_WHAT IS REQUIRED_:
Copy the listing below letter for letter, passing over each picture.

_DATA_:
= = =
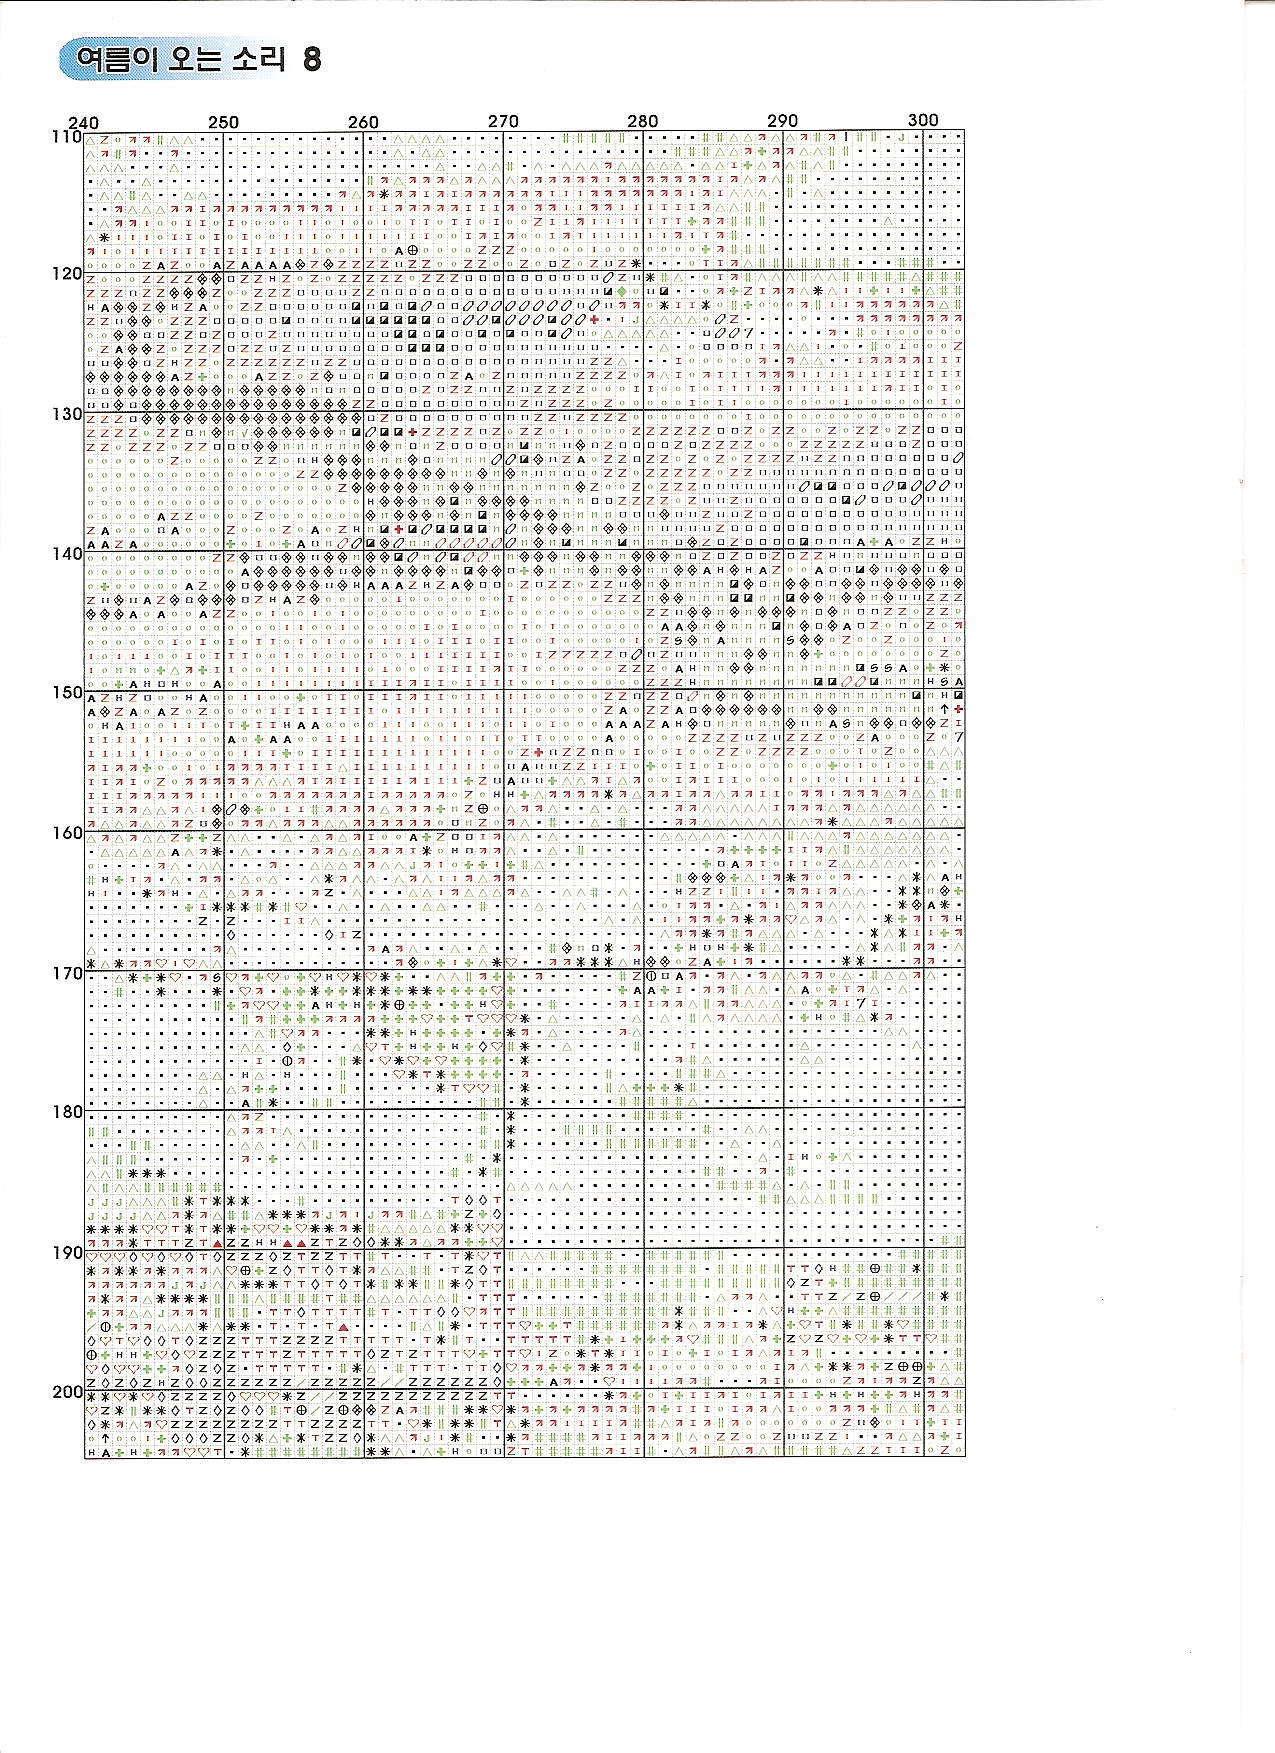 схема деревенского домика анкор
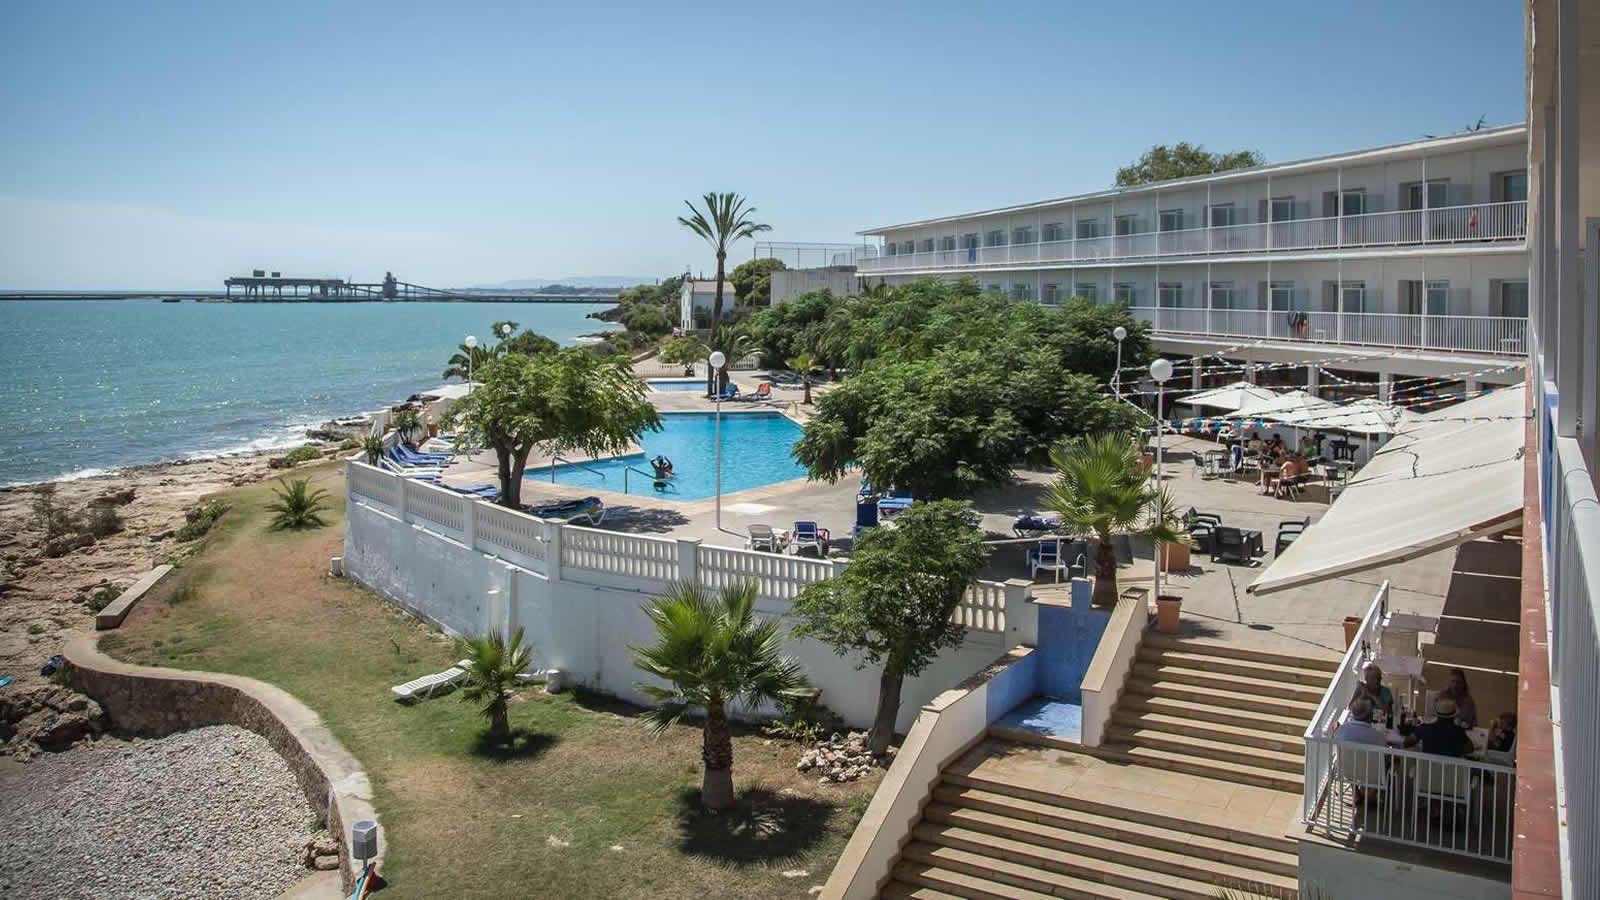 Activities at the Carlos III Hotel Facilities in Alcanar - San Carlos de la Rapita - the Ebro Delta
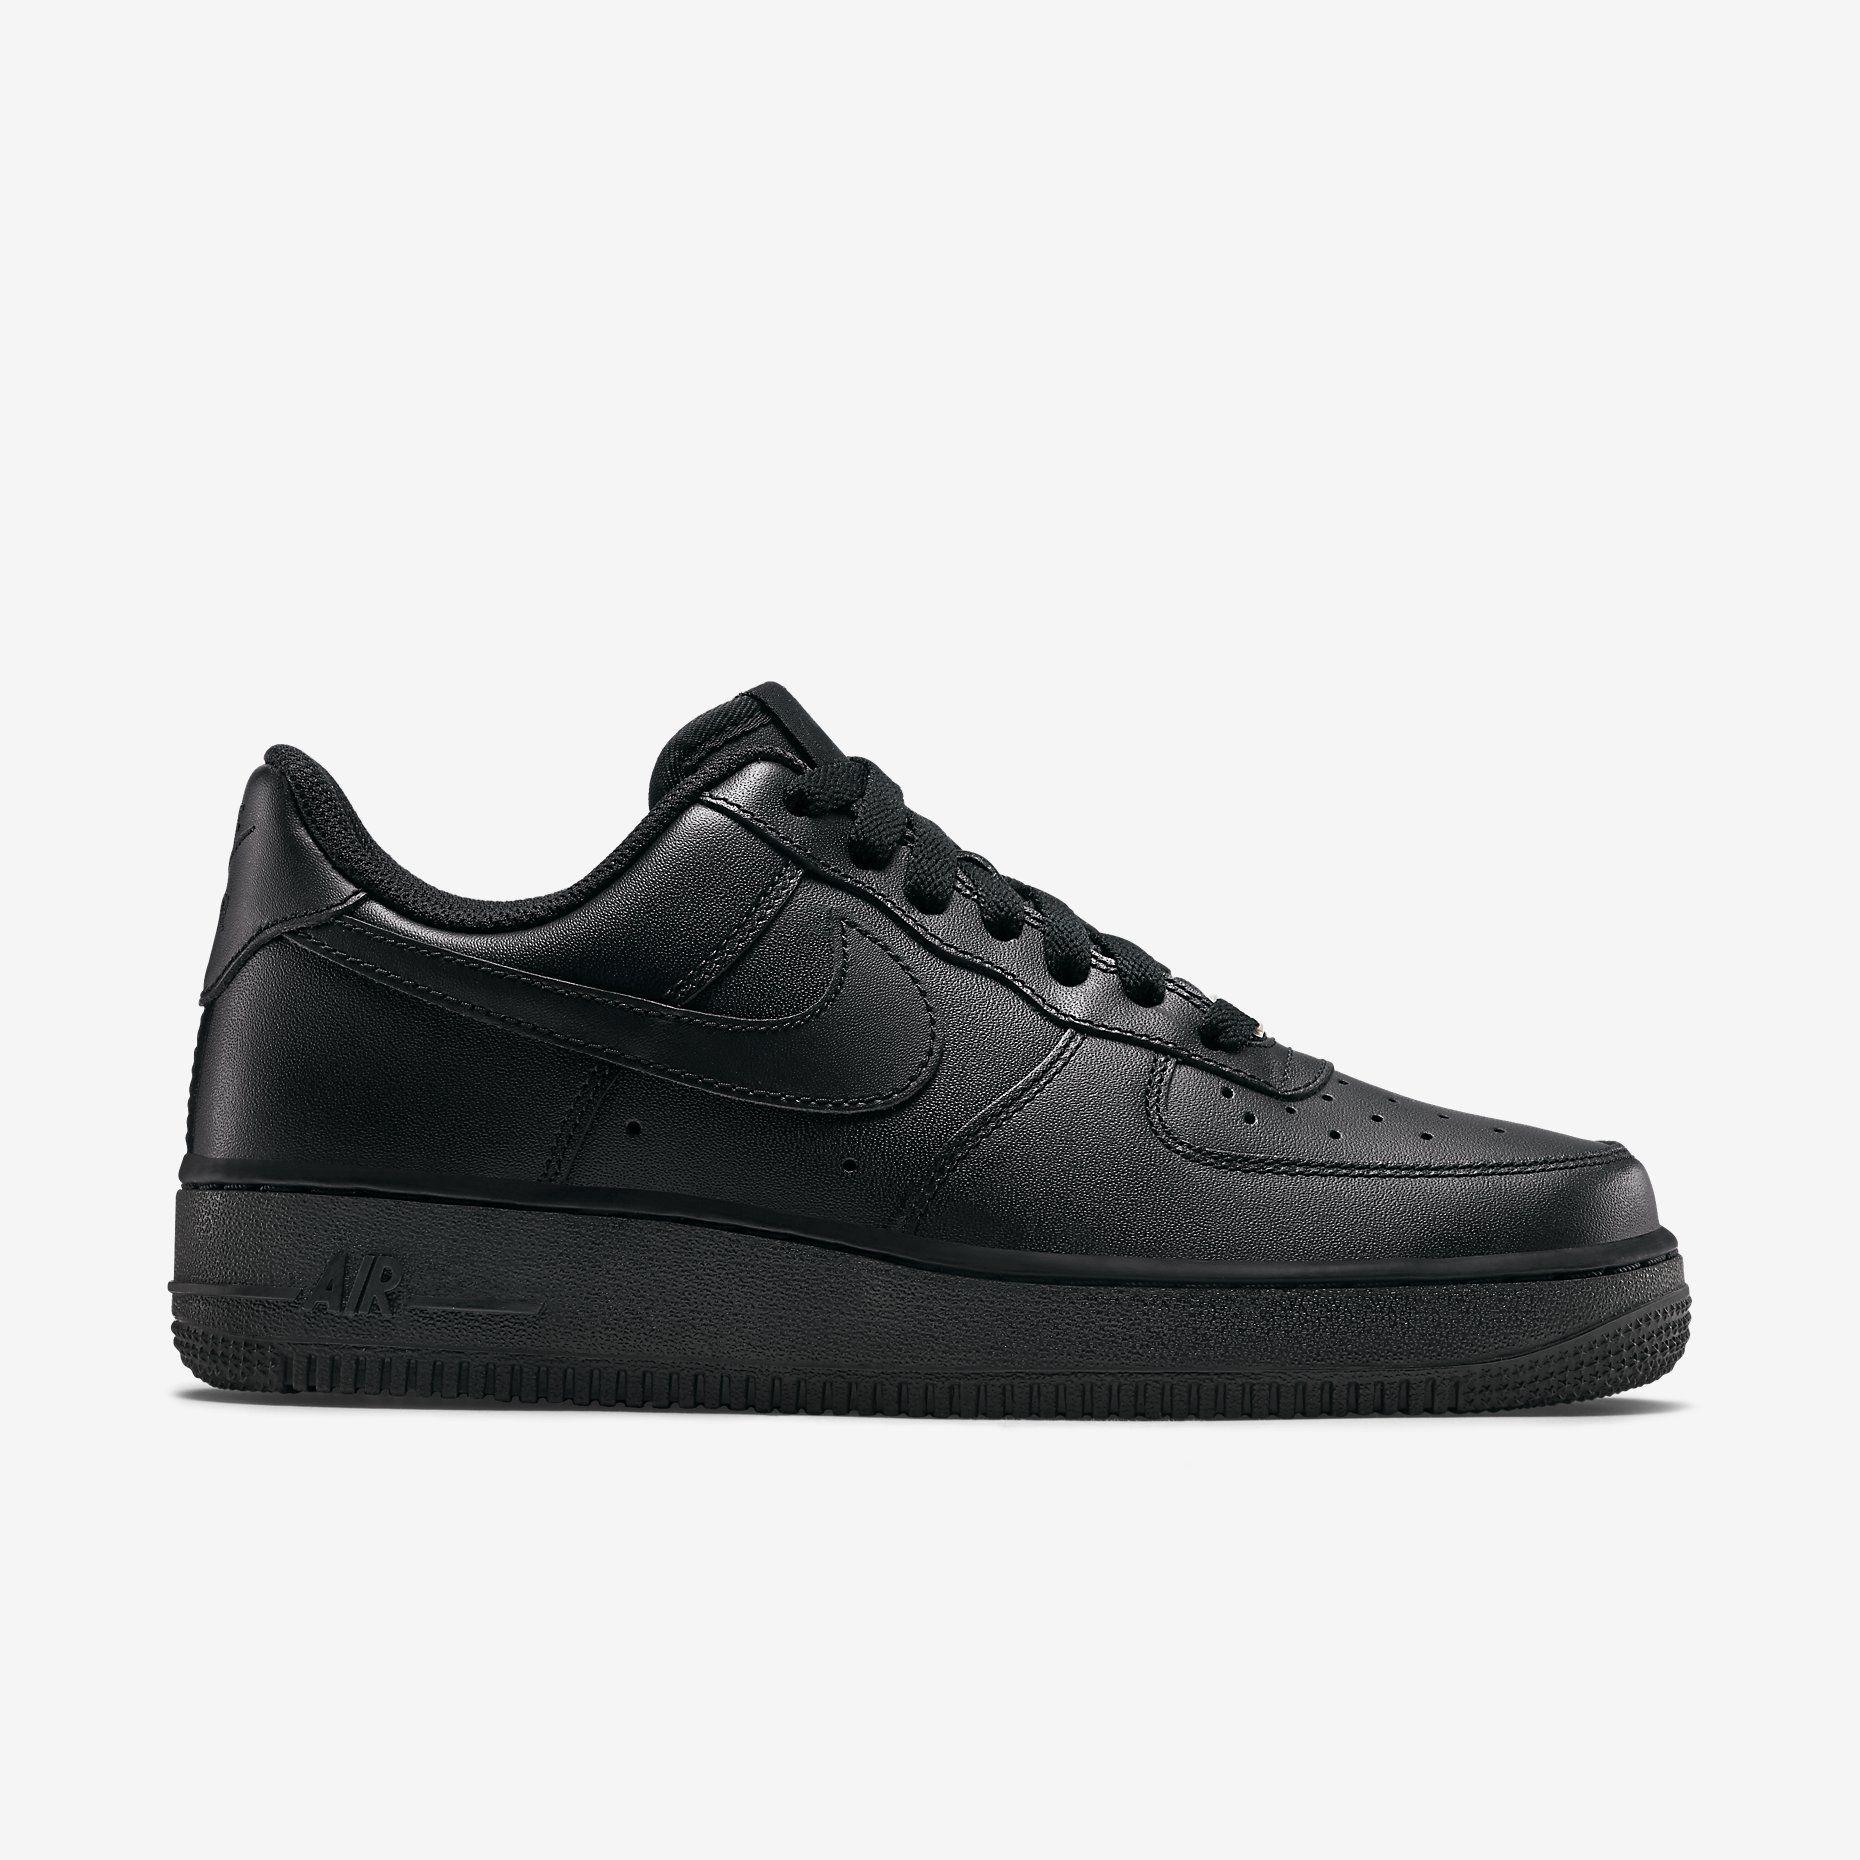 WMNS Air Max 90, Chaussures de Gymnastique Femme, Noir (Black/Black-Cool Grey-Black), 35.5 EUNike
= = =
_ANSWER TO THE EXERCISE_:
 схема деревенского домика анкор
 Activities at the Carlos III Hotel Facilities in Alcanar - San Carlos de la Rapita - the Ebro Delta
 WMNS Air Max 90, Chaussures de Gymnastique Femme, Noir (Black/Black-Cool Grey-Black), 35.5 EUNike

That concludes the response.